Mi piace usare la metafora di una gara automobilistica, dove ciò che si vede è il pilota e la macchina, ma tutto quello che c’è dietro e non si vede vale tantissimo. La squadra, il box, i meccanici, gli sponsor, la fidanzata che guarda lo schermo con gli occhi che luccicano. La produzione è la macchina che corre in pista, quello che ruota intorno alla produzione va valorizzato perché la farà andare più veloce e più lontano.
L’azienda la vedo come una grande famiglia nel senso pratico, tutti devono collaborare nello stesso spazio, magari si bisticcia per le piccole cose, ma con un obiettivo comune e costruttivo: l’Azienda deve crescere, se  ciò avviene è grazie a tutti, se manca un anello ne risentono tutti.

Tra il progetto e la consegna della macchina al cliente c’è naturalmente la fase della costruzione. Qual è il primo obiettivo?
Gli obiettivi sono due. Le macchine vanno pensate, progettate ed è la produzione che deve rispondere, bisogna costruirle bene e velocemente.

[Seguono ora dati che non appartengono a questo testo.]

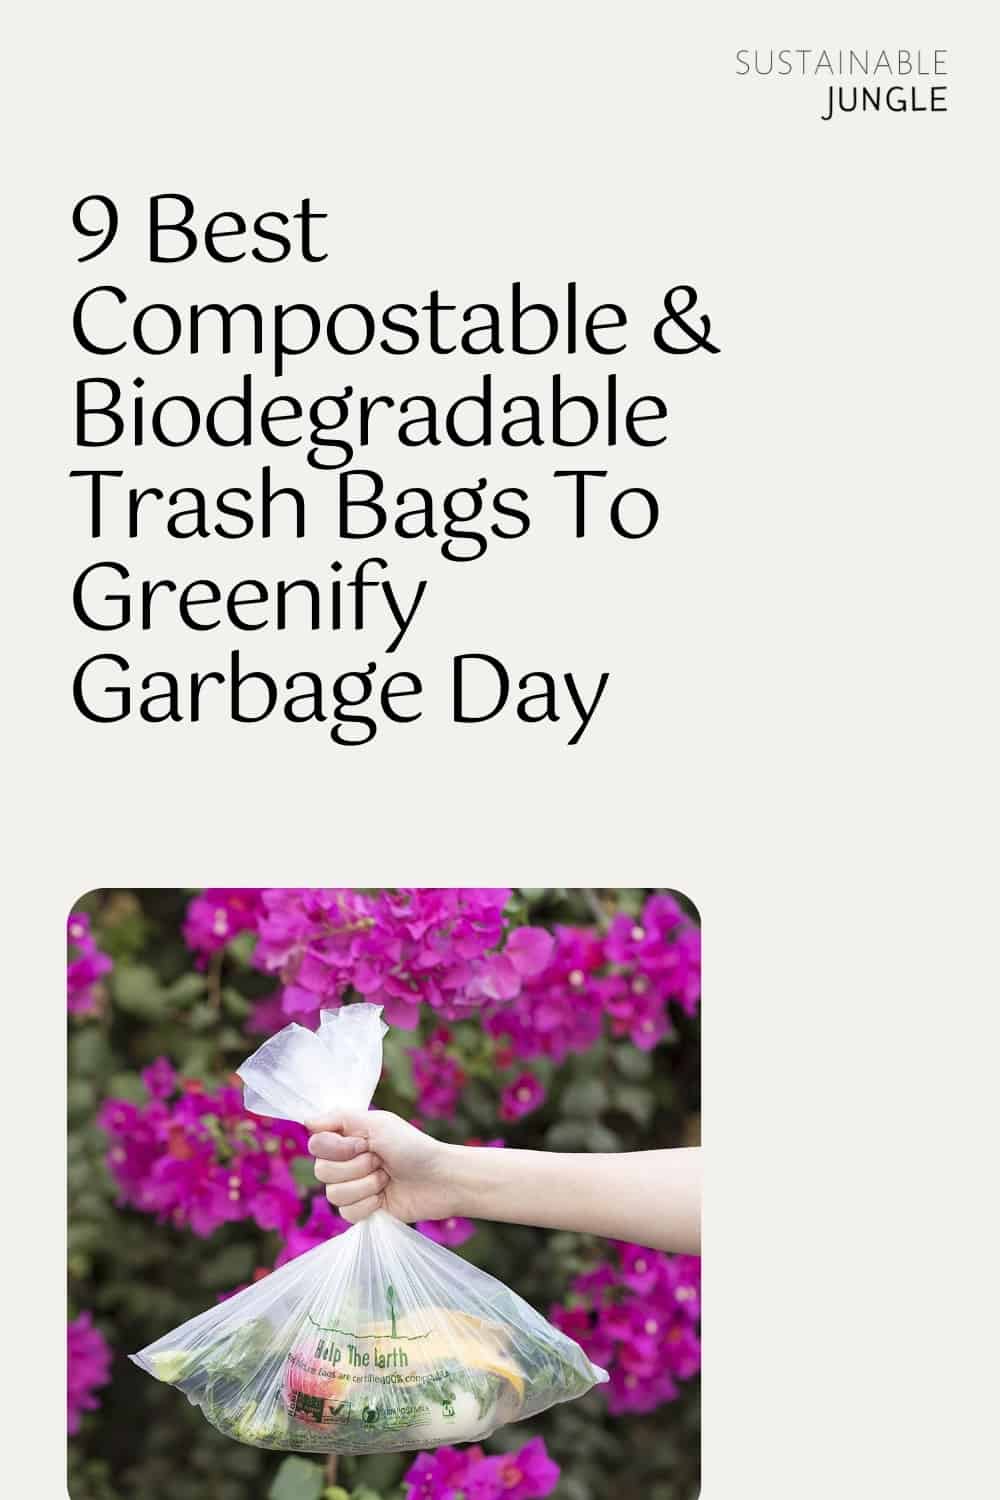 9 Best Compostable & Biodegradable Trash Bags To Greenify Garbage Day #biodegradabletrashbags #biodegradablegarbagebags #compotabletrashbags #compostablegarbagebags #bestbiodegradabletrashbags #bestcompostabletrashbags #sustainablejungle Image by Second Nature
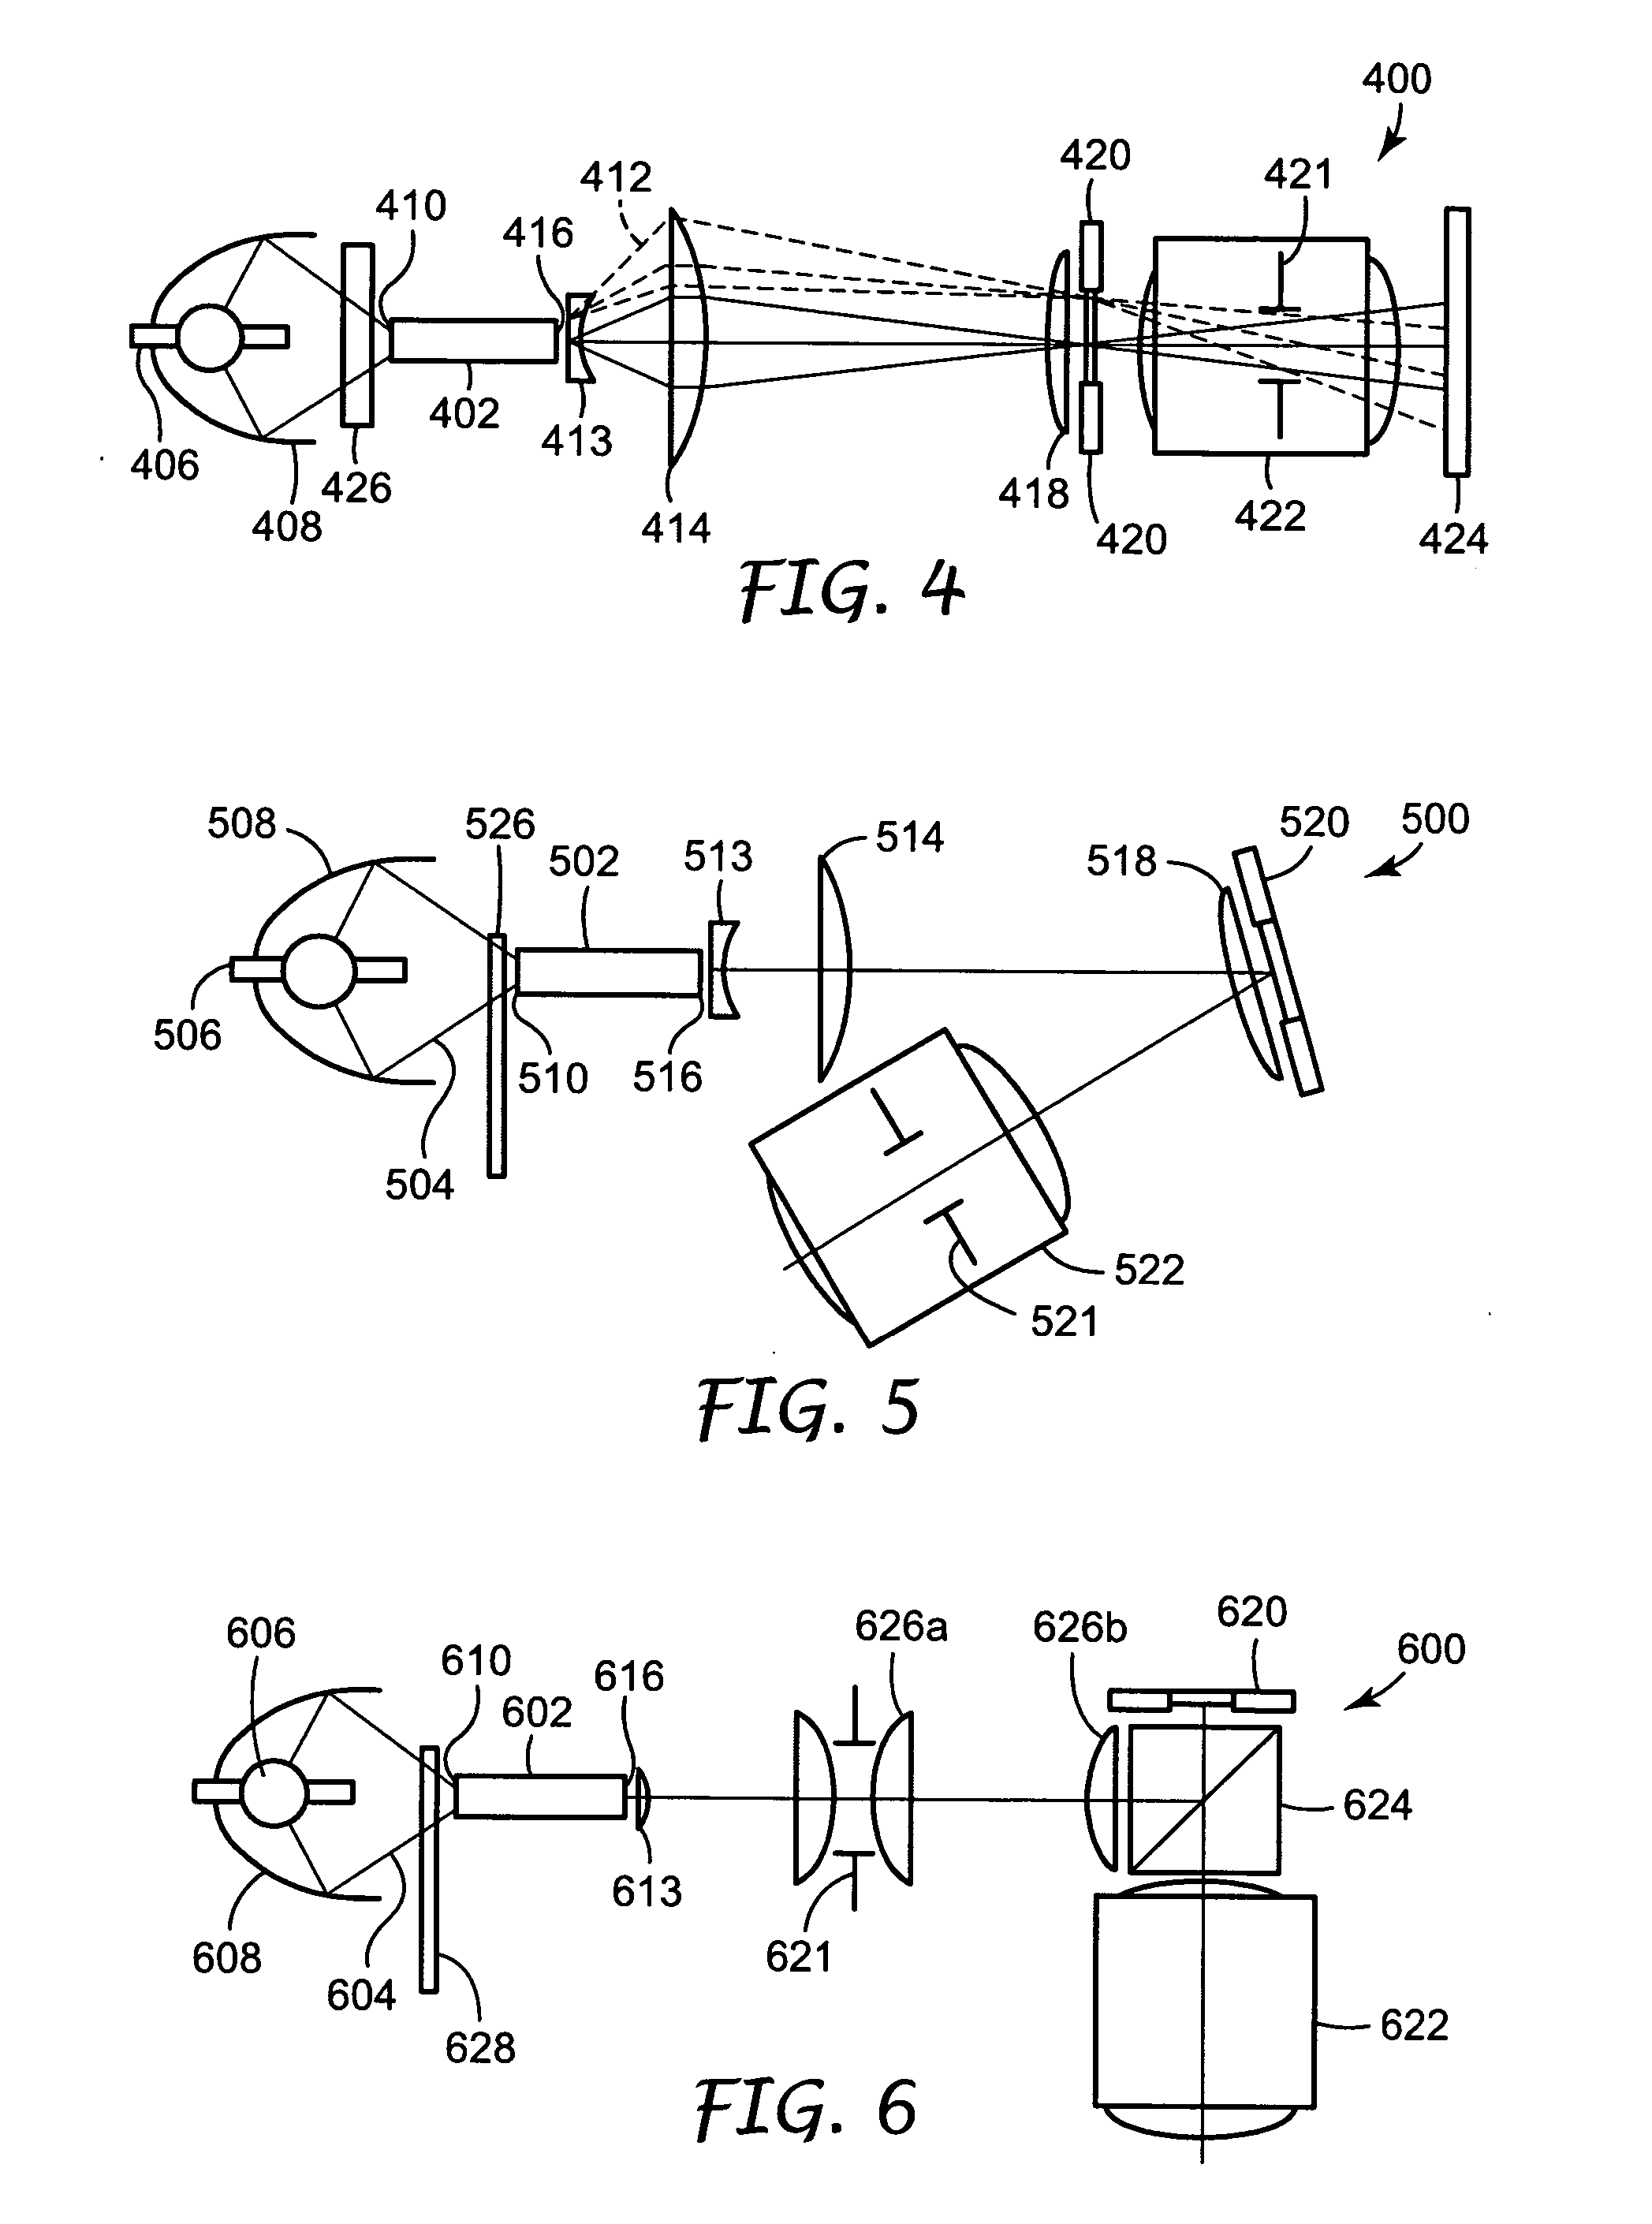 Projection illumination system with tunnel integrator and field lens

E qui anche le espressioni linguistiche assumono un’importanza.
Spesso diciamo: “Ho un problema, sono in ritardo con gli ordini” avere questo problema è una fortuna enorme e bisogna cavalcarla e alimentarla. Il ritardo va trasformato in planning ed il cliente deve essere sempre soddisfatto. L’operation manager deve dare sprint, accelerare il processo di produzione, abbattere i tempi morti, evitare dispersione di energie.
La qualità è quello che il cliente paga. L’urgenza fa parte della qualità. Dobbiamo avere sempre la valigia pronta e chiusa. Se mi è richiesto quatto io mi organizzo per cinque. IFP Europe ha questo potenziale, “sempre uno avanti.”